C89/ANSI 3.1.4 says "Identical string literals of either form
need not be distinct," but doesn't seem to say anything at all
about non-identical literals. (It doesn't even say that "X"
and "FOOBAR" are distinct.)

I don't have a copy of C90 to consult, but others have said
it's the same as C89 except for section and paragraph numbers.

 

[Nick]

The wording did change between C90 and C99.

C90 6.1.4:

Identical string literals of either form need not be distinct. If
the program attempts to modify a string literal of either form,
the behavior is undefined.

where "either form" refers to character string literals and wide
string literals.

C99 6.4.5p6:

It is unspecified whether these arrays are distinct provided their
elements have the appropriate values. If the program attempts to
modify such an array, the behavior is undefined.

But the C90 standard didn't say that string literals that aren't
identical *can't* overlap (and I can't think of any good reason to
assume that they can't). I think C99 mostly just improved the
wording.

There is, presumably, nothing to stop the compiler pointing s at four
bytes of machine code that happen to make up part of the body of your
program and which constitute codes for L,E and T followed by a 0 byte.
If they should so happen to appear, of course.

 

[James Dow Allen]

Literals are effectively pieces of the program text made available to itself as
data, so that modifying a literal de facto constitutes self-modifying code.
Self-modifying code can't be placed into read-only storage, such as a ROM, or
write-protected virtual pages.

A related reason for "read-only when possible" concerns text-sharing.

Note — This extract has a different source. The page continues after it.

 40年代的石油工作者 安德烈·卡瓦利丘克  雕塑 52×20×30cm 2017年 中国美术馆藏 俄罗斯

One might have dozens of copies of the same program (e.g. interpreter)
running on one machine; the interpreter's data might include hundreds
of messages; there's a very big savings if the messages can be moved
to a read-only, sharable memory section. (There used to be a
complicated
pre-processor that accomplished this, also looking for string matches;
it became obsolete when compilers started treating string literals as
read-only by default.)

James Dow Allen

 

[Nick Keighley]

Why do you think so? It's correct that both 's' and 't' point to
string literals - but since the strings they point to are identical
it's one of the most simple (memory-related) optimizations for the
compiler to make them point to the same location.

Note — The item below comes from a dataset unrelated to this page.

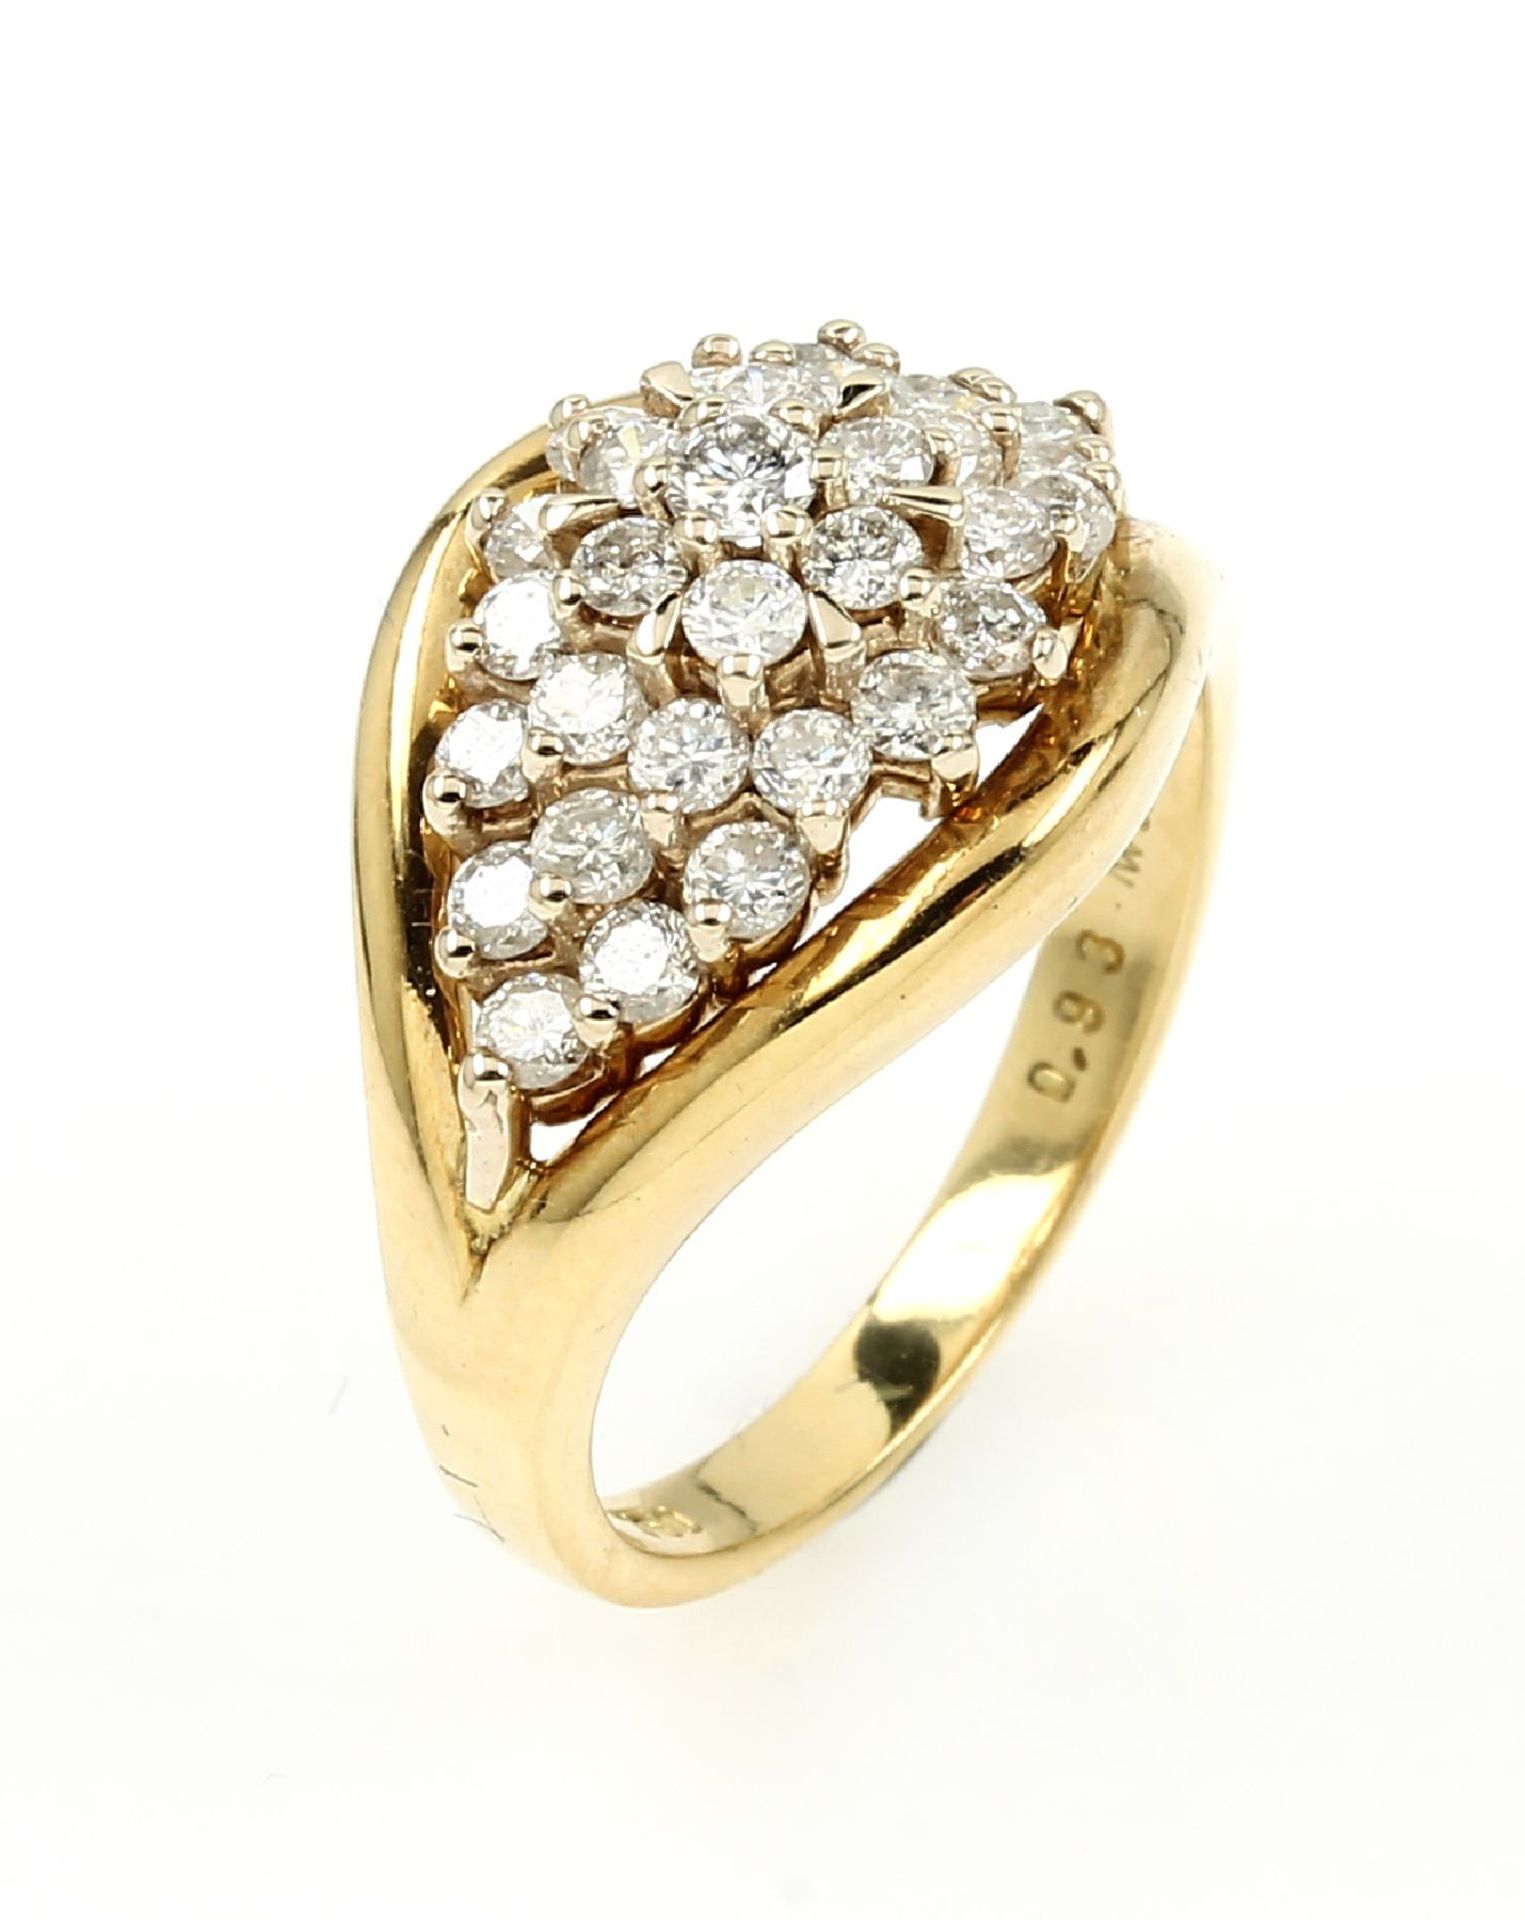 18 kt Gold Ring mit Brillanten,   GG 750/000,Brillanten

But if you don't like it your compiler may have a flag to make
it less standard-compliant and force it to produce code where
's' is pointing to a different location than 't' (and where you
thus may change string literals).

why is this not-compliant?

 

[Richard Bos]

char *s="LET";
char *t="LET"; [...]
Why do you think so? It's correct that both 's' and 't' point to
string literals - but since the strings they point to are identical
it's one of the most simple (memory-related) optimizations for the
compiler to make them point to the same location. Actually, that's
the very reason why you aren't allowed to change string literals -
i.e. if you would do e.g.

It's not the only reason.

Literals are effectively pieces of the program text made available
to itself as data, so that modifying a literal de facto constitutes
self-modifying code. Self-modifying code can't be placed into
read-only storage, such as a ROM, or write-protected virtual pages.

s[1] = 'x'; /* not allowed by the C standard! */

This undefinedness also means that once you perform s[1] = 'x', a subsequent
statement of the form

if (s[1] == 'x') ...

could go either way (if it ever gets to execute at all). It's not just about
other copies of the i literal being affected by the change.

The translated program is also simply not required to be aware of
self-modifications like this.

Not only can another instance of the literal share the same space as
s, but the expression s[1] can be optimized to a constant which does
not respond to changes to s.

Agreed.

In addition, it's also likely (but not required) that attempting:

s[1] = 'x';

will cause your program to crash. (In fact, this is the *best*
outcome, since it shows you where the error is.)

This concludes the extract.